One of my biggest fears on this Journey is the dreaded overuse injury. Which is why I take extra precaution to slowly build my training volume, for running in particular. It is the reason why, though my legs easily could have handled it these last couple weeks, I am still holding in the mid 40 mile per week range instead of 50+. Everything was going wonderful, in fact. As of a couple days ago, I was completely pain free in all the areas that normally hurt during running. My legs were a bit tired from a hard bike ride into the worst wind I've seen outside of Cadillac Mountain in Acadia, but, as always, they were still moving just fine. I had a long run scheduled for the day. And, though I didn't think I would make it 5 miles at first, by mile 10 I was starting to feel revived and strong. However, at mile 13 something was hurting worse than usual in the knee and didn't quite feel right. I shrugged it off at the time. Everything hurts at mile 13. Heck, I'd been struggling through most of the day, what's slightly more joint pain than expected going to do to me? Shortly after, I picked up the pace for the finishing tempo intervals and didn't notice it again until I finished. Ok, so walking on my knee was harder than normal, I'll just ice it down and it'll be good to go tomorrow, like always. Except this time it wasn't. That little worse than normal, little different than normal knee pain, turned out to be bad. Very bad.

How did this happen so fast? So unexpectedly? Could it have been the shoes? Poor form from running tired for so long? The uneven surfaces next to the path I often run on? A combination of these? I don't know. But to be safe, I will be retiring those shoes. Because now it's got me in a situation which could be a full blown injury. I don't know for sure yet. I won't run on it until it's completely healthy. My scale is, if it takes longer than a week, it's an injury. It's been a few days though, and it's only gradually getting better. It's still sore to touch. It still hurts to walk when it's not warmed up. And I still can't run on it. It's likely some form of Runner's Knee. Doesn't matter though. The formula is the same for almost all injuries. RICE. Rest. Ice. Compression. Elevation. I can still swim. And I can still bike. So that is what I will do. Along with making sure that I don't get discouraged mentally. I expected something like this to happen. I figure it's almost inevitable. The key is to make sure to not let it get you down, and to make sure to fully heal it before running on it again. Easier said than done when running is the base your training revolves around and it is almost all you do. But a very important part of coaching yourself is having the self-control to rest yourself when you need it and for as long as you need it. And I will do that.

Monday, January 23, 2012

Tulsa Weekend

Last Friday, I decided (on a whim, as usual) that the beautiful upcoming weekend would be best spent in Tulsa, where I can see old friends and revisit my favorite running and riding trails at the place where my triathlon adventures started a few years ago. Coming off a big rest week, I expected to have to struggle to reign myself in from doing too much too fast as energy simply burst out of me. I didn't. And it didn't. I didn't really feel any different. And after a good, hard, but fairly normal trail run, I actually felt like maybe I was right back to where I was before the rest week as I took to the road for some additional miles my legs felt as they nearly always did now. Tired. Slow. Slightly lethargic. But still handling 8:00 minute per mile pace with relative ease. So the next day, starting to become sore from the difficult trails, I decided on another hour long trail run. This one quite a bit slower, however, and without the second run. I figured my body had gotten plenty of rest. It was going to respond. I just needed to push through and wake it up again. And so the next day came. Martin Luther King Day. It was a beautiful one. Temps were already nice at 8AM and they looked to stay that way throughout. I had nothing to do this day. Nothing. Except train. It was time to test that theory about pushing through. Forget what I said about doing too much too fast. Today was too nice not to go big. Really, really big.
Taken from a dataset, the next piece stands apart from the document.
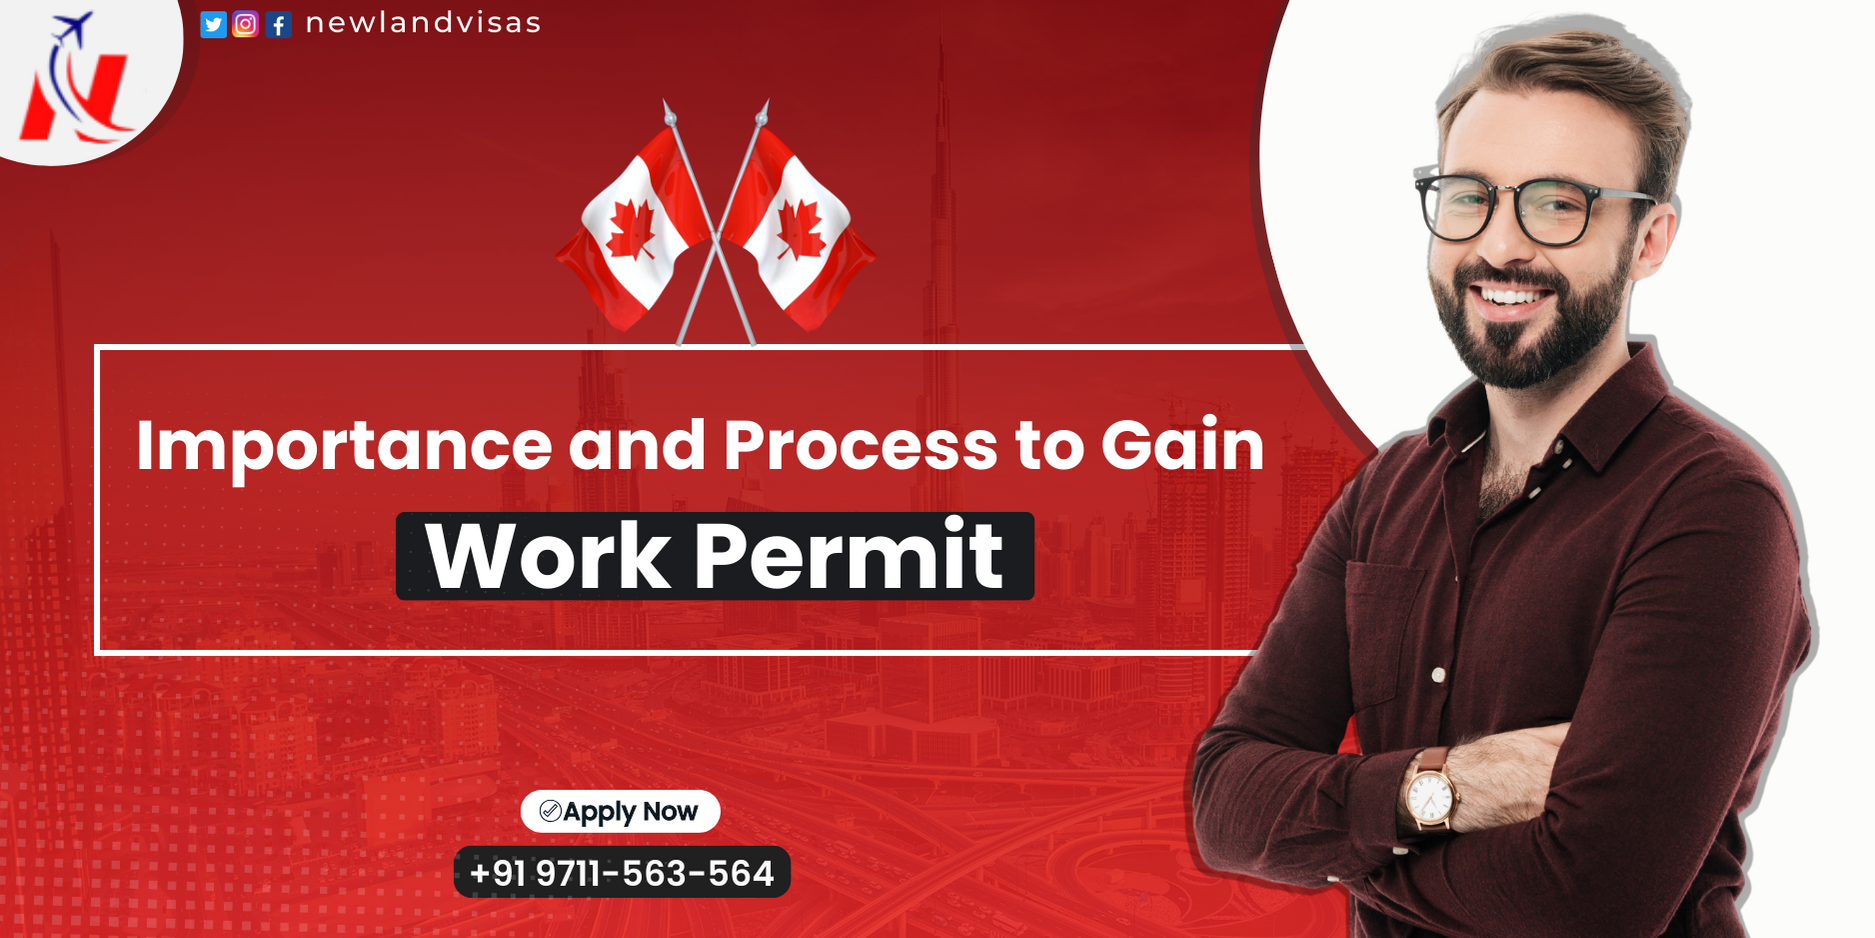 Importance and Process to Gain Work Permit
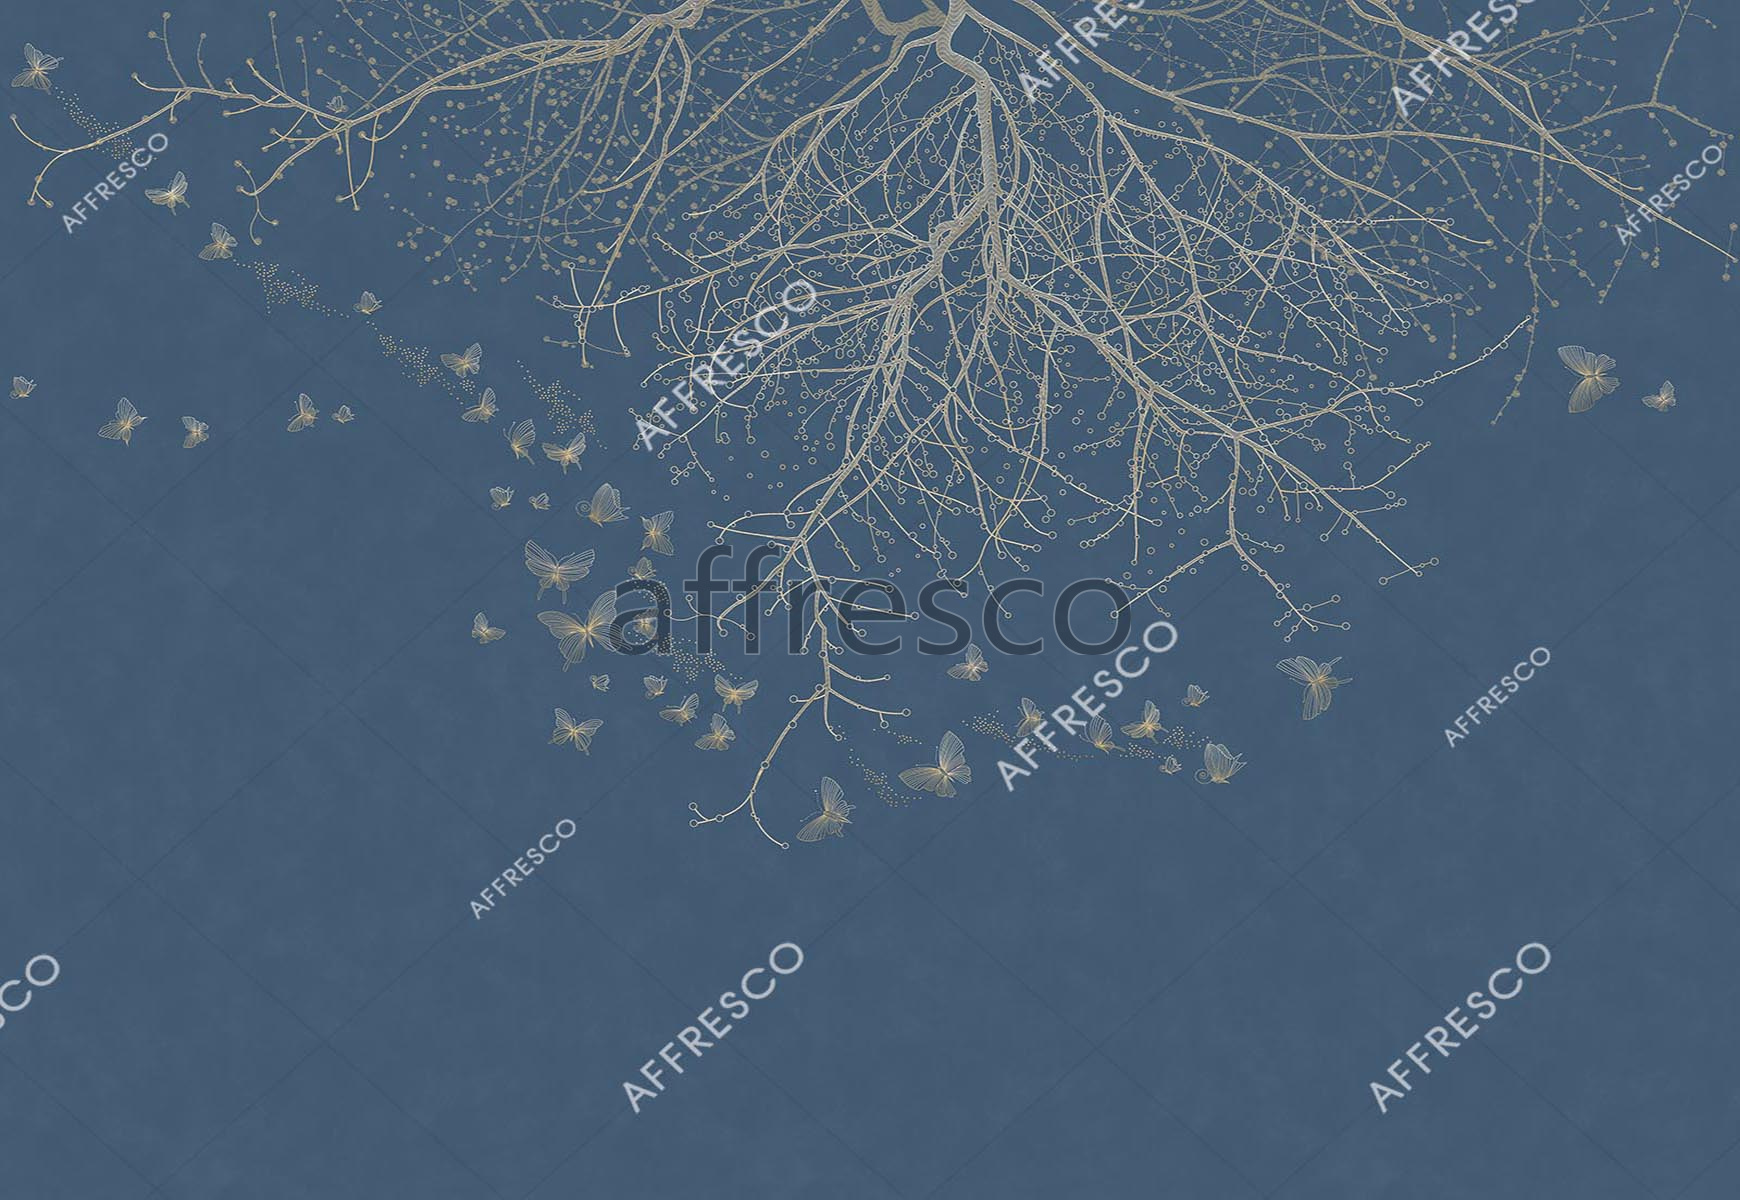 ID139249 | Forest | graphic branches and butterflies | Affresco Factory

The morning started off with, again, another trail run at my favorite place in the country to run trails, Turkey Mountain in Tulsa, OK. Yes, I have ran trails all over the country, and though I might agree that some, are probably better for various and differing reasons, Turkey Mountain still holds that special place in my heart for being the place where I discovered how wonderful trail running can be. It doesn't hurt that the constant difficulty and largely varying terrain keep one focused the entire time, and that this weekend I still discovered new trails and areas that I had never before seen. With it's proximity to downtown Tulsa, it truly is a gem to be treasured.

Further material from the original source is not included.